Guardiola aún no ha decidido irse porque sabe que si cruza esa puerta, comenzará su declive. Podrá ganar títulos en 7 ligas distintas, pero siempre, siempre, le endilgarán cuánto le falta para que su Milan, o su Bayern Munich, o su Manchester United o su Dynamo de Kiev jueguen como aquel Barcelona. Como este Barcelona, que ahora también exporta su know-how. Y ahí va la Roma, decidida entonces a que el técnico del Barcelona B, Luis Enrique, se transforme en el Guardiola de la Serie A. Fichemos a Luis Enrique, entonces. Traigamos, también, a Bojan Krkic. Repliquemos el modelo Barça. Fracasemos estrepitosamente. No lo lograrán. Nadie lo hará.

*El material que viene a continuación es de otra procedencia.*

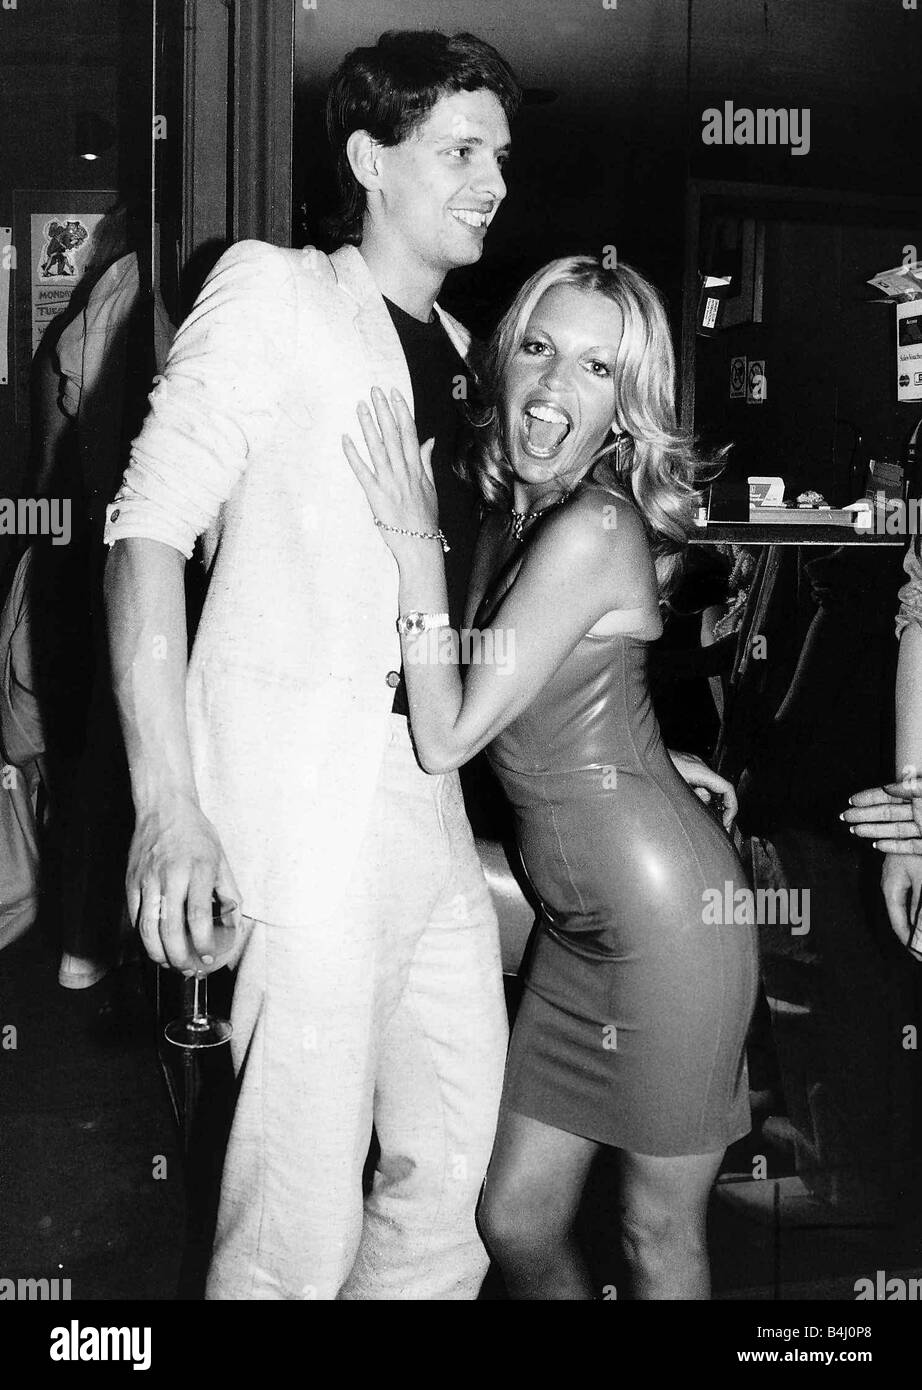 sally-thomsett-actress-stars-in-man-about-the-house-dances-with-boyfriend-B4J0P8.jpg

Y así podríamos seguir, con todos y cada uno de sus integrantes, por separado, convertidos en jugadores mortales, sin los superpoderes que confluyen sólo en un punto del universo, con una camiseta azulgrana y con Guardiola en el banco. Los planetas se alinean sólo en el Camp Nou. El resto es un gran agujero negro que se consume a sí mismo. El Barcelona es el Big Bang. Ni siquiera logramos entenderlo cuando ya cambió de forma y apunta a otra dirección. Estamos a años luz de él y sin embargo nos sentimos tan cerca. 
Ahora nos enteramos que mientras todo el mundo intenta imitarlo, sin el menor grado de éxito, Guardiola ya piensa en reformular su módulo y seguir innovando. Sueña con aplicar un 3-4-3 sin perder fidelidad ni resultados. Hoy Pep se sienta a la misma mesa que Steve Jobs. El decide y el mundo corre detrás, para tratar de copiarlo, sin poder hacerlo. Si todo sale bien, a la orquesta catalana se sumará Cesc, quien aprendió la partitura cuando aún no estaba escrita la ópera. Quizás en la próxima temporada, Mascherano nos sorprenda jugando de centrodelantero. O Messi se transforme en el líbero. Y entonces los haremos jugar de lo mismo de este lado del mundo. Y no será lo mismo. Y volveremos a hablar de lo que hacen allá y lo que no hacen acá.

Maldito Barcelona. Nos invade hasta dejarnos insatisfechos con todo lo que antes no habría requerido un juicio tan demoledor. Nos hace creer que el fútbol es simple, que los jugadores pueden ser etéreos, que las defensas más férreas son conos que se derriten durante los partidos.

Maldito Barcelona. Desearía no haberlo visto jugar. Pero después, pienso y digo, no, es imposible desear eso. Como un amor platónico adolescente, se disfruta en el dolor de no tenerlo. De no poder lograrlo. Nunca seremos el Barça.

Maldito Barcelona, cuánto te amo, cuánto te detesto por hacerme sufrir así.